My mom, a fifth-grade teacher at a rival elementary school had arrived just in time to watch Mike and I lose another game. “B,” she yelled, “you going to let anyone else win any games this summer?’’
“Already won four in a row,” he called back.
On most weeknights, Mom lugged with her a big bag full of papers to grade and lessons to create. She would sit at the kitchen table with my sister and me after dinner jumping between helping us answer our homework and scoring the quizzes her class took that day. Today, though, she exhaled a huge sigh of relief, smiled bigger than she had in months, and carried no homework of her own.
“Chardonnay!” Grandpa raised his arms like a Priest at mass blessing the sacrament.

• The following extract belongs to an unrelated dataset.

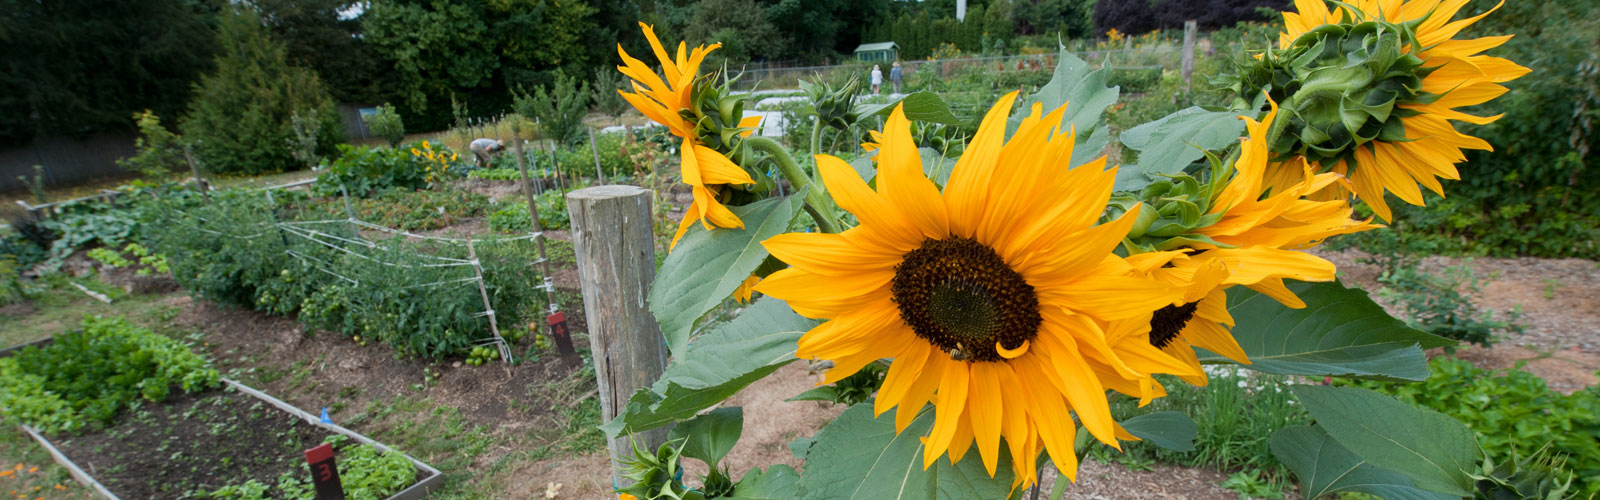 sunflower plant with garden in background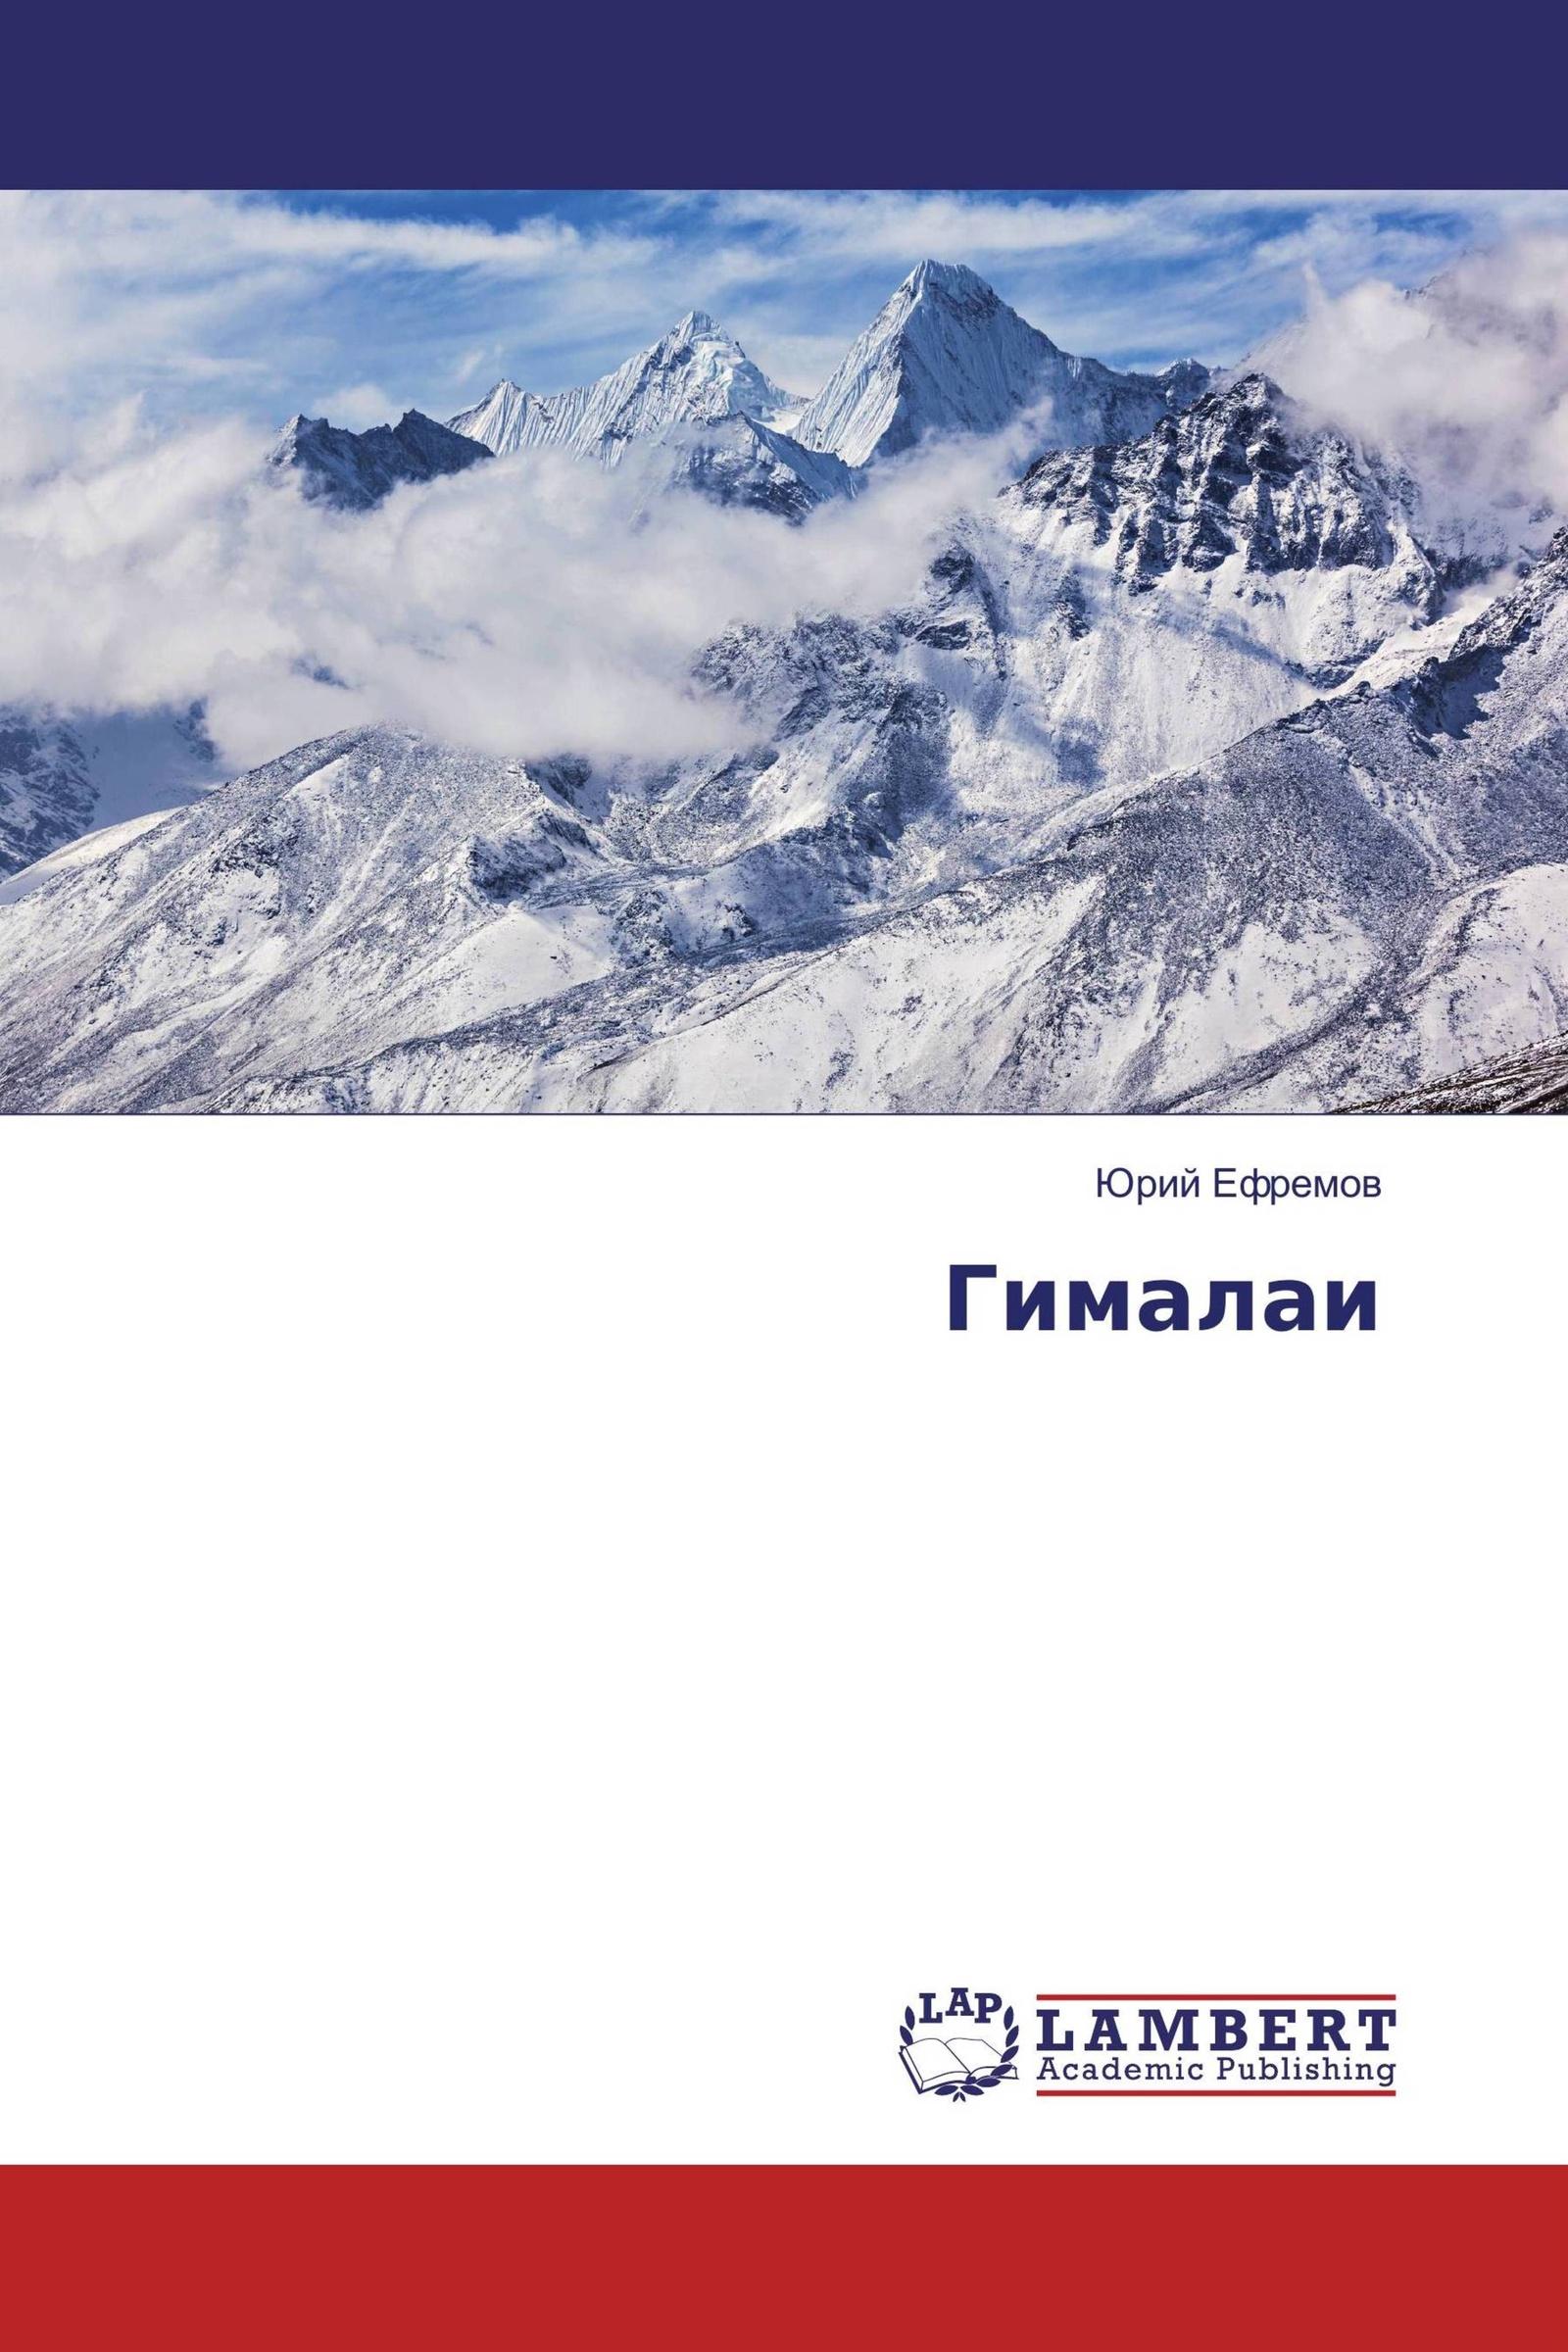 Гималаи | vv-travel.ru

“If you insist,” Mom said, and Grandpa went to pour her a glass. When he returned, he sat and talked with Mom and Grandma, the three of them letting the sun shine on their bare feet and spirits set them at ease while we swam relay races in the pool.
As the afternoon slipped into evening, we sat outside the pool near each other. Our fingers had wrinkled, and we wrapped our cold bodies in warm beach towels. The sun started to close its eyes for the night, and its friend the moon looked on faintly from up in the distance. Grandma nipped at her drink. Grandpa did the same, tilting his eyes to the sky and smiling as if counting the still appearing stars.
“Well,” Grandma started. “We came up with the idea because we knew how mad it would make all you boys and that sounded like fun. Plus, who doesn’t want to spend their last afternoon of school watching Days of our Lives, eating lunch, and swimming. We didn’t know exactly how to get the girls out of school until your mom….” All eyes turned to Mom.
“I knew I knew that handwriting!” I shouted.
“Until” Grandma continued, “Your mom had the brilliant idea of the doctor’s notes.” Laughter, more than even the setting sun or rising moon, filled the night’s air.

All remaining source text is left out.